Comparison Between Bench-Top and Computational Modelling of Cerebral Thromboembolism in Ventricular Assist Device Circulation.

Despite improvements in ventricular assist devices (VAD) design, VAD-induced stroke rates remain remarkably high at 14-47%. We previously employed computational fluid dynamics (CFD) to propose adjustment of VAD outflow graft (VAD-OG) implantation to reduce stoke. Herein, we present an in-vitro model of cerebral vessel embolization in VAD-assisted circulation, and compare benchtop results to CFD predictions. The benchtop flow-loop consists of a 3D printed aortic bed using Accura 60 polymer driven by a continuous-flow pump. Three hundred spherical particles simulating thrombi of 2, 3.5, and 5 mm diameters were injected at the mock VAD-OG inlet. A water and glycerin mixture (3.8 cP viscosity) synthetically mimicked blood. The flowrate was adjusted to match the CFD Reynolds number. Catch cans were used to capture and count particles reaching cerebral vessels. VAD-OG geometries were evaluated using comparison of means Z-score range of -1.96 ≤ Z ≤ 1.96 to demonstrate overall agreement between computational and in-vitro techniques.
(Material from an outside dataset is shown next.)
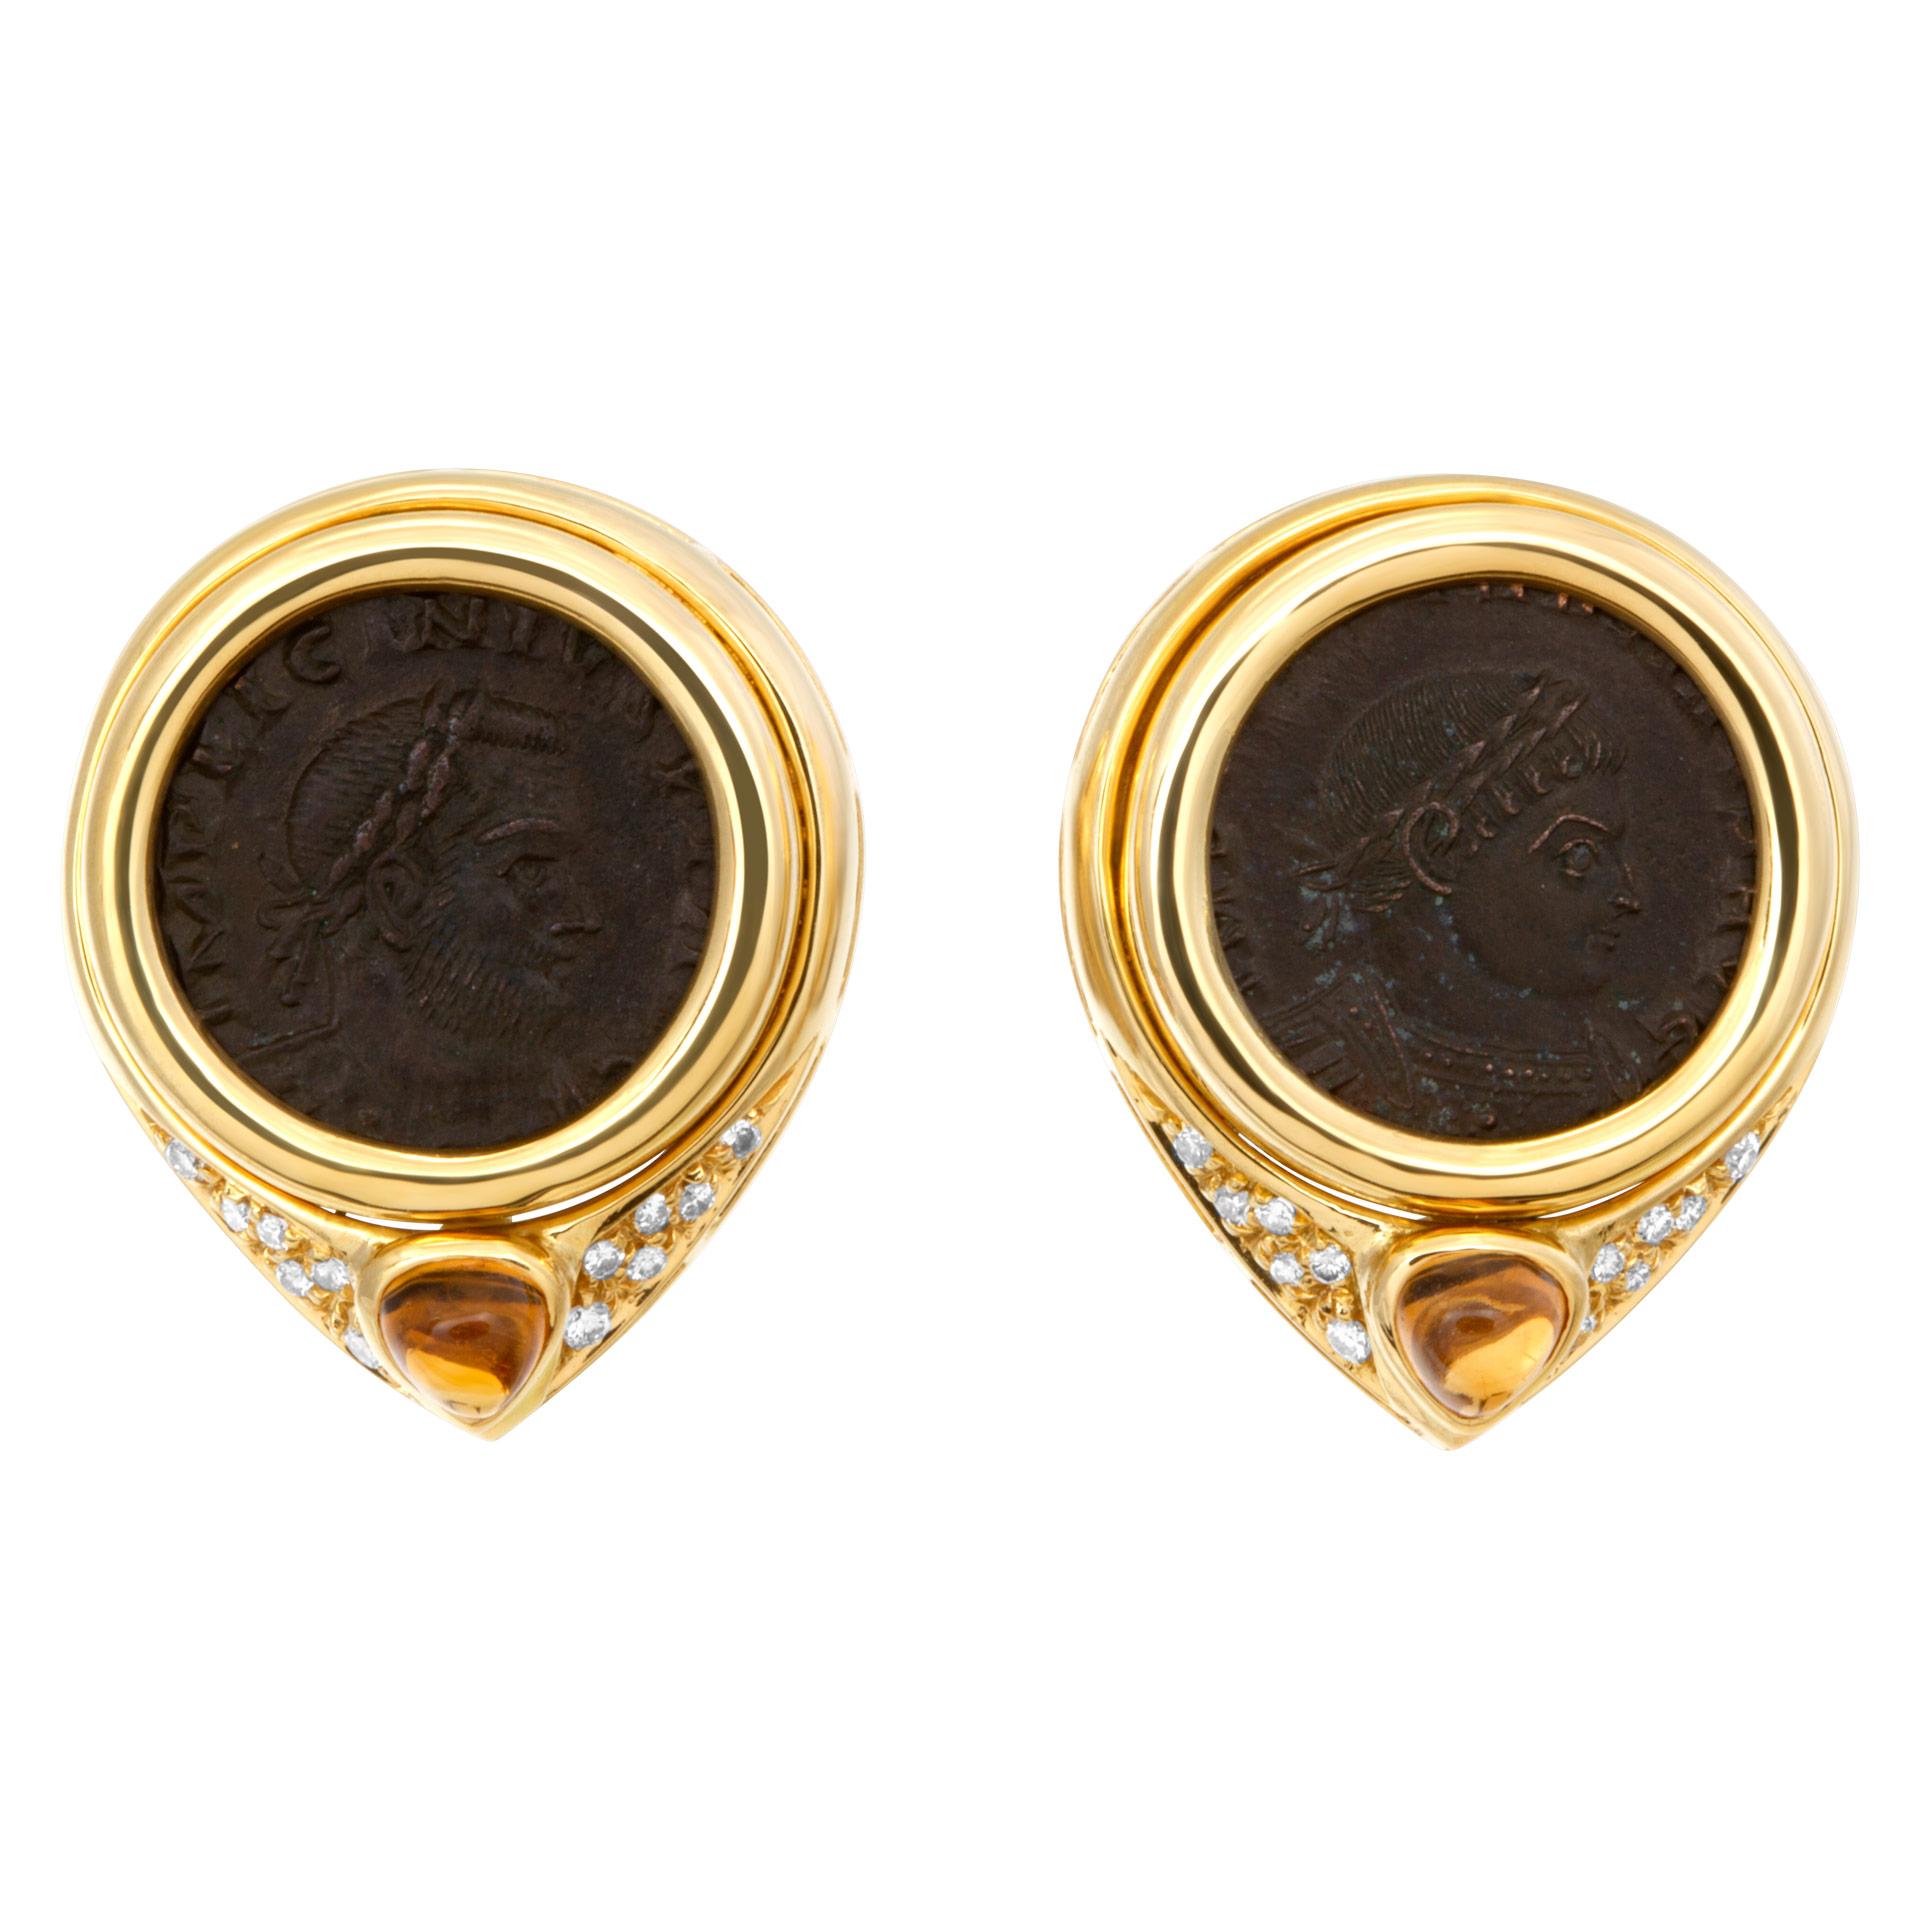 Ancient Coin Earrings in 18k

Z-scores were: (i) Z = -1.05 for perpendicular (0°), (ii) Z = 0.32 for intermediate (30°), and (iii) Z = -0.52 for shallow (60°) anastomosis and confirmed agreement for all geometries. This study confirmed added benefits of using a left carotid artery bypass-graft with percent embolization reduction: 22.6% for perpendicular, 21.2% for intermediate, and 11.9% for shallow anastomoses. The shallow anastomosis demonstrated lower degrees of aortic arch flow recirculation, consistent with steady-flow computations. Quantitatively and qualitatively, contemporary steady-flow computational models for predicting VAD-induced cerebral embolization can be achieved in-vitro to validate the CFD equivalent.